Freelancing is far from a new concept but nowadays more and more businesses are embracing this change in the workforce. Before you approach your boss with your freelance plan, do your research to make sure that freelancing is actually something you can afford to take on.

When you’re a freelancer, you’re forfeiting your company-provided benefits like healthcare, 401K matching, and paid vacation days. So take time to do some research and make sure that you’re ready for the change.

You also want to make sure that the jump from full-time to freelance is sustainable within the company you’re working for. Meaning to say, that you can continue to not only show your value but identify areas where you can continue to pick up additional work when projects end.

If you’re looking for more guidance on things to take into consideration before starting your freelance career, get your hands on my freelancer starter kit.

Create a plan

The last thing you want to do is pitch the idea of freelancing to your boss without a plan in place. You’re asking for a significant change and in order to get the best outcome, you’ll need to prove that going freelance is the best route for not only you, but your employer’s business goals.

Start by looking at the next six to twelve months and identify key moments where you regularly play a significant part in the business. For me, this was around client conferences and product launches. Once you have those key moments in place, think of the value you add to those occasions and the amount of time it typically takes to complete the necessary work-related tasks.

Freelancing is about hourly rates. Even if you negotiate a monthly retainer, you want to make sure you’re being compensated for the amount of work you agreed to for the amount of time estimated so you don’t fall back into what could feel like a 9-to-5 grind.

After you identify your value and key business moments, list the types of tasks you want to do as a freelancer to help support them. Then look at what you’ve written out to determine if it’s too little or too much work to support your freelance goals. From there, adjust where you need to and start to imagine how you’d like to bring this up to your boss.

The pitch

Let’s recap, before you schedule a time to sit down and pitch the idea of freelancing to your boss you want to have the following:

  • A clear understanding of the unique value you bring to their business
  • Confidence through the research you’ve done that you’re ready for freelance life
  • A plan of action for how you will transition to and execute freelancing so effortlessly, they’ll hardly notice the difference

Once you have these three factors in place, ask your boss to schedule a time for a one-on-one conversation.
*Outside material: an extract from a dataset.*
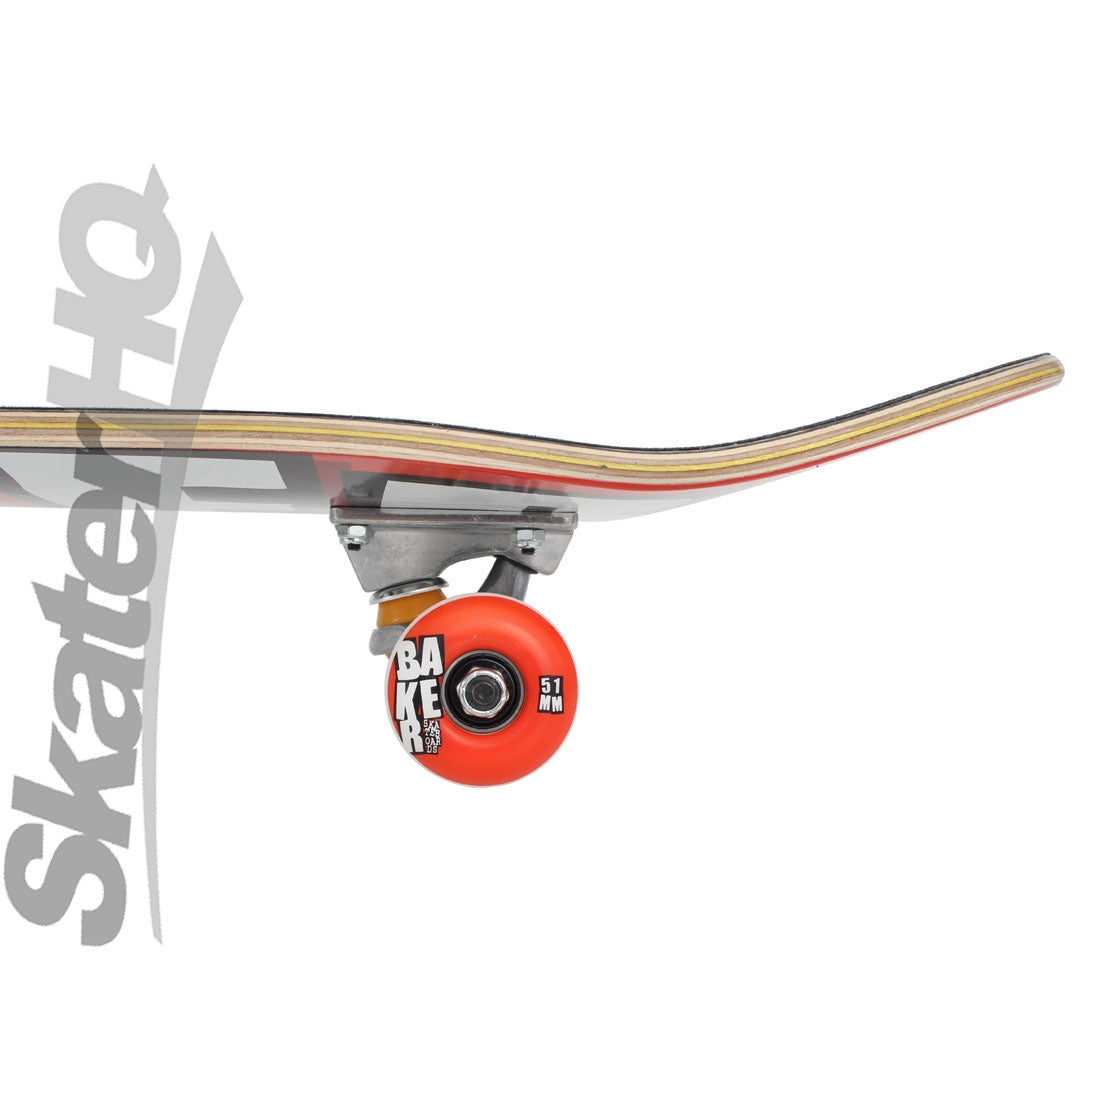 Baker OG White Logo 7.75 Complete Skateboard Completes Modern Street

It’s important this meeting be scheduled during a time with minimum distractions. For example, if you know your boss is particularly busy in the mornings, aim for the afternoon.

Start the conversation with confidence. This is a proposal you’re pitching, not a favor. Switching to freelance is a business-related request so don’t go into the meeting thinking that you’re going to appear weak or less-than for asking for something that you want.

Start with something like this:

“I would like to discuss the opportunity of transitioning to a freelance employee with you today. I’ve created a plan of action that I’d like to share for how I can continue to add value to your business in this new capacity. I enjoy working with you and hope this is something you will take into consideration.”

This messaging is clear, to-the-point and friendly. From here, share your plan and ask for feedback along the way.

Be prepared to answer questions like:

  • Why do you want to switch to freelance?
  • What hourly rate are you expecting?
  • How many hours a week can you commit to?
  • Are you willing to come into the office?
  • How long do you want to freelance for?

Every individual’s answers will be different so it’s important to think of what you want from the setup. Be prepared for where you’re willing to compromise and where you are firm. Having clear answers will make the decision-making process much easier for you and your boss.